JournalJournal of Book of Mormon Studies
Volume11
Issue1
Pagination40-44, 109-110
KeywordsForeign Language Translation; Missionary Work; Translation
Abstract

In the year 1850, Elder Lorenzo Snow of the Quorum of the Twelve Apostles arrived in Italy as a missionary. He and his companions spent much of their time with a Waldensian community. Elder Snow soon began sending missionaries to Switzerland to preach the gospel to French speakers there and began publishing church materials into French. The new materials caused a lot of opposition from Swiss Protestants and Italian Catholics.
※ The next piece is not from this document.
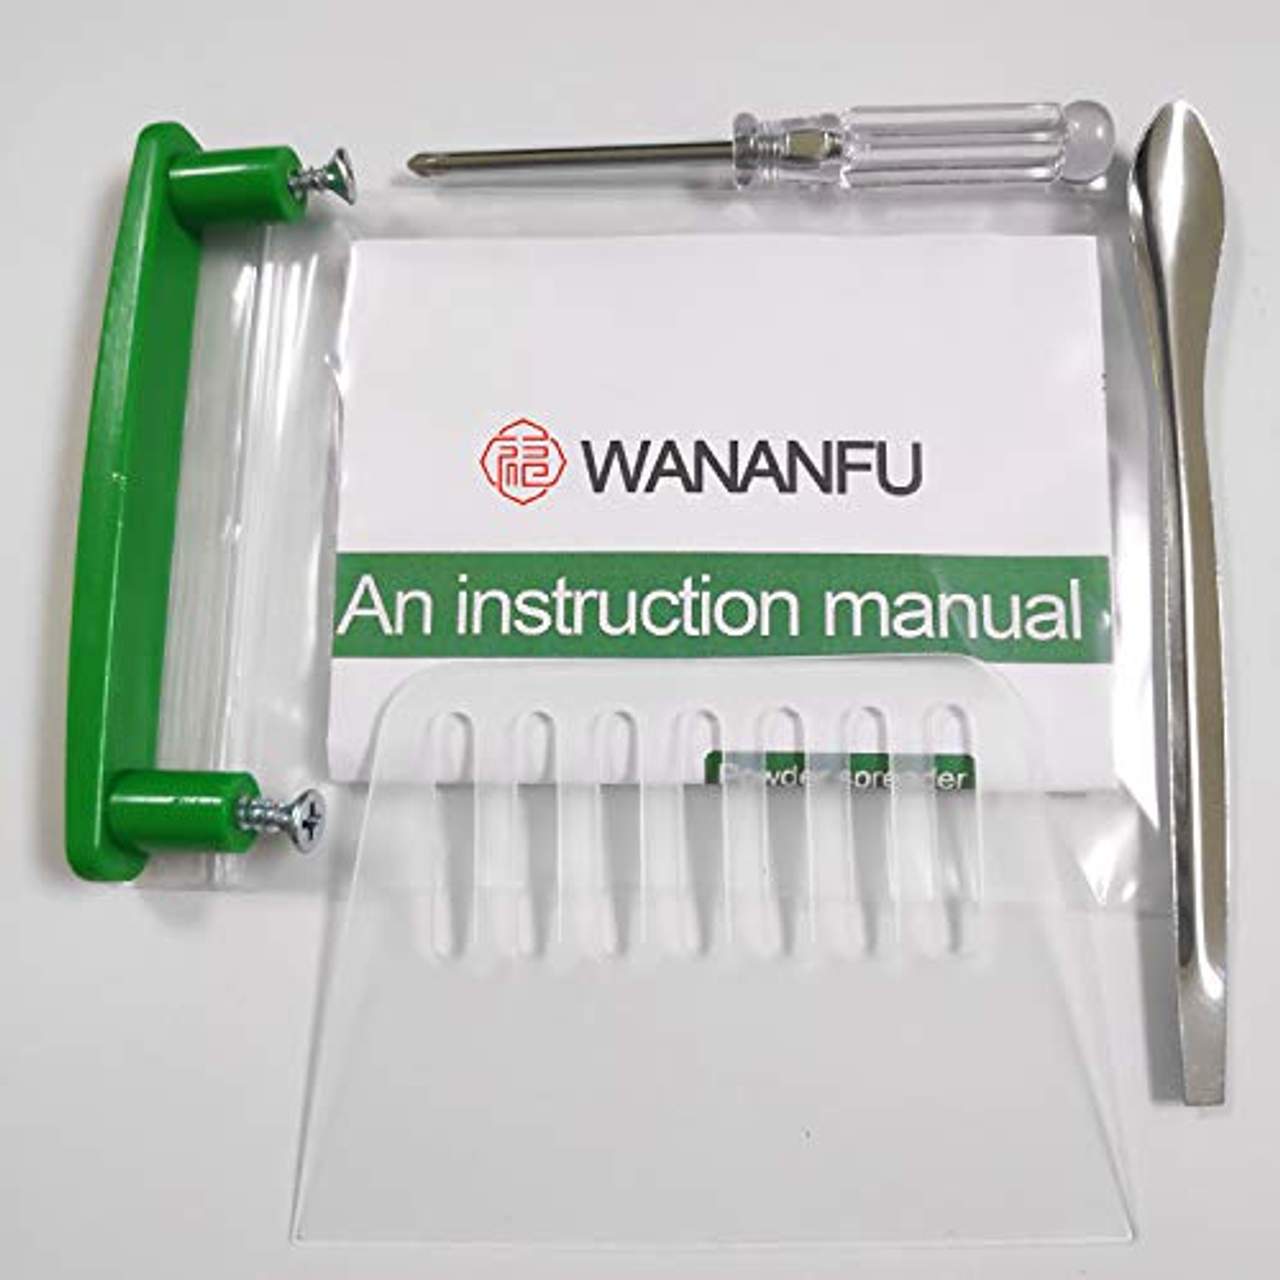 Wananfu Kapselfüller 00 mit detaillierter Anleitung

Elder Snow then went to England, where he solicited the help of an anonymous translator, and together they completed the translation of the Book of Mormon into Italian. Elder Snow returned to Italy soon after, bringing copies of Il Libro di Mormon with him, but he and the other missionaries did not find much success. Because of the influence of the Catholic Church on the government, the Church of Jesus Christ of Latter-day Saints was not given much freedom in their preaching. Il Libro di Mormon similarly did not significantly help the missionary work. Almost all the Italian converts to the church were French-speaking Waldensians. Because of the lack of progress, the Italian mission was closed in 1867 and not reopened until a century later, in 1966.